View larger version (21K): [in this window] [in a new window]   FIGURE 6   Lateral diffusion of the lipid probe NBD-eggPE in DPS-supported POPC bilayers as a function of DPS concentration. The lateral diffusion coefficients and mobile fractions undergo transitions near the predicted mushroom-to-brush transition. The inner monolayer facing the solid substrate was labeled with 2 mol% NBD-eggPE. Each data point represents the average of 15-20 measurements from three different bilayers.

Tethered polymer-supported planar lipid bilayers

Covalent tethering of the DPS molecule by curing the silane moiety to the free silanols of the quartz slide was examined via XPS. A pure DPS monolayer was transferred onto quartz as described above, cured at 70°C for 40 min, and analyzed by XPS (Fig. 7). Spectra of a clean quartz surface, a monolayer of PEG2000-DMPE (PEG lipid without the silane linker), and an uncured DPS monolayer are also shown for comparison. In these experiments any noncovalently linked molecules were removed by thoroughly rinsing the surface with methanol before XPS spectra were recorded. The spectra show the energies of electrons that are released from several shells (as assigned) of the different elements that are present on the surface of each sample. The pure quartz and PEG2000-DMPE samples show strong oxygen peaks, whereas carbon peaks dominate the spectrum of the DPS sample. Because photoelectron spectra are dominated by the elements that are present at the very surface of the sample, we conclude that in contrast to cured DPS, PEG2000-DMPE did not bind to quartz. The uncured DPS sample exhibits an intermediate carbon/oxygen ratio, indicating that even without curing DPS partially reacts with the surface. The C_1s peak that arises from the carbon valence electrons can be further energy-analyzed for different covalent bonds that carbon forms in the sample (Fig. 7, inset). This peak displays a major component with a binding energy of 286.0 eV, i.e., very similar to the carbon value previously reported for PEG (Thomas and O'Malley, 1979). The other major component at 287.8 eV is characteristic for carbon ester groups in DMPE. A ratio of 2.3:1 was determined from the areas under the PEG peaks of C_1s and O_1s (286.5 and 533.3 eV), respectively, after calibration with appropriate sensitivity factors. This ratio is very close to the 2:1 ratio previously reported for the surface of solid PEG (Thomas and O'Malley, 1979).
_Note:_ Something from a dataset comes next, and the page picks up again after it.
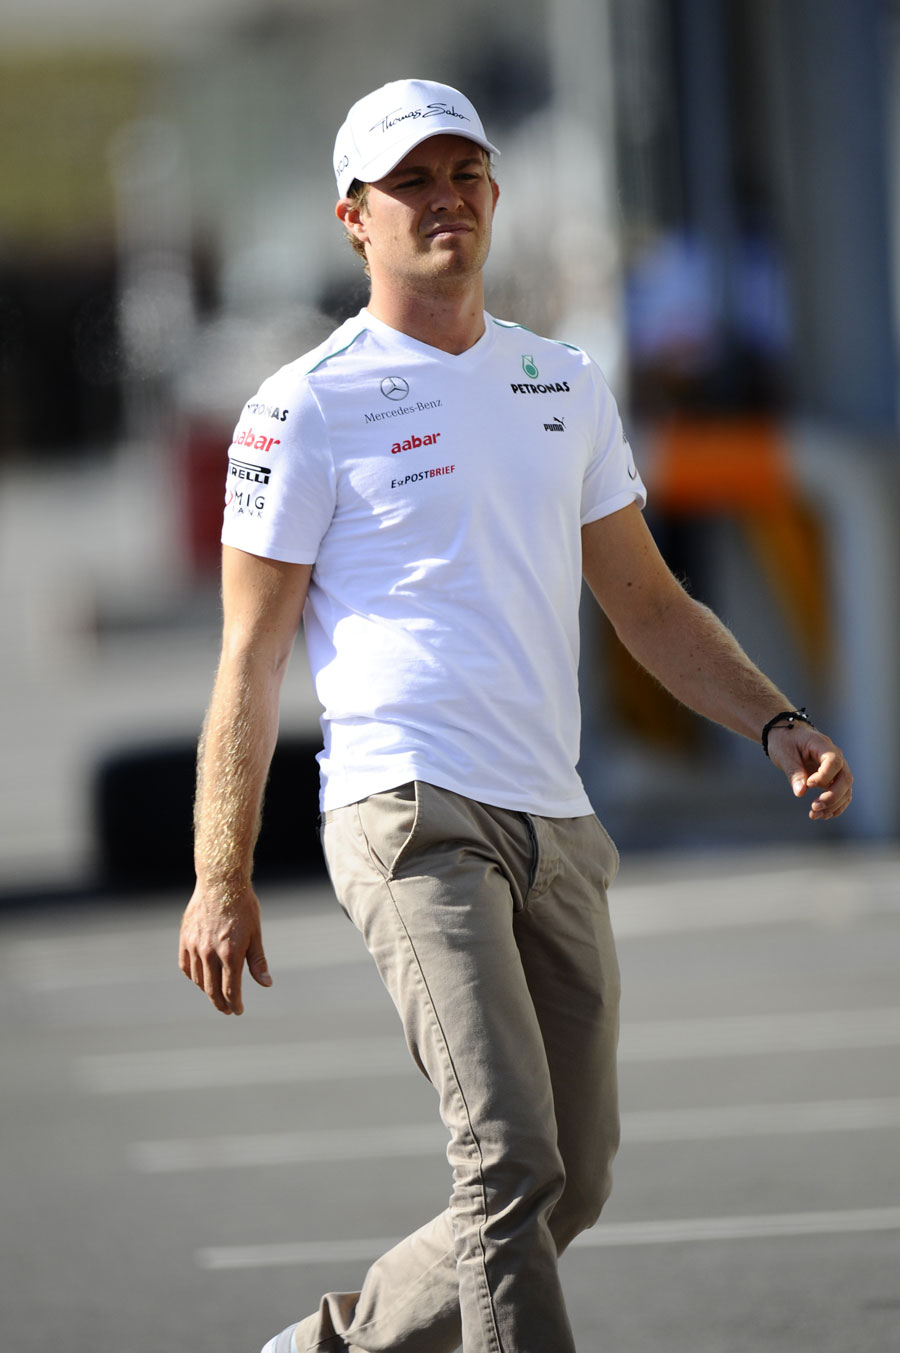 Nico Rosberg in the paddock on Thursday

View larger version (37K): [in this window] [in a new window]   FIGURE 7   X-ray photoelectron spectra demonstrating the covalent tethering of the DPS molecule to the quartz surface. The spectra from front to back were obtained with a cured sample of DPS, an uncured sample of DPS, a sample of PEG2000-DMPE, and a pure quartz surface, respectively. The samples with the monolayers were washed with methanol to remove noncovalently bound polymer lipids. Peaks from the KLL and valence electron shells of the different elements are assigned as marked. The inset shows an analysis of the C1s peak with a fit to three Gaussian components (2 = 1.3 × 104). The main component at 286.0 eV is assigned to PEG, and the second largest component at 287.8 eV is assigned to the carbon ester groups of the lipid.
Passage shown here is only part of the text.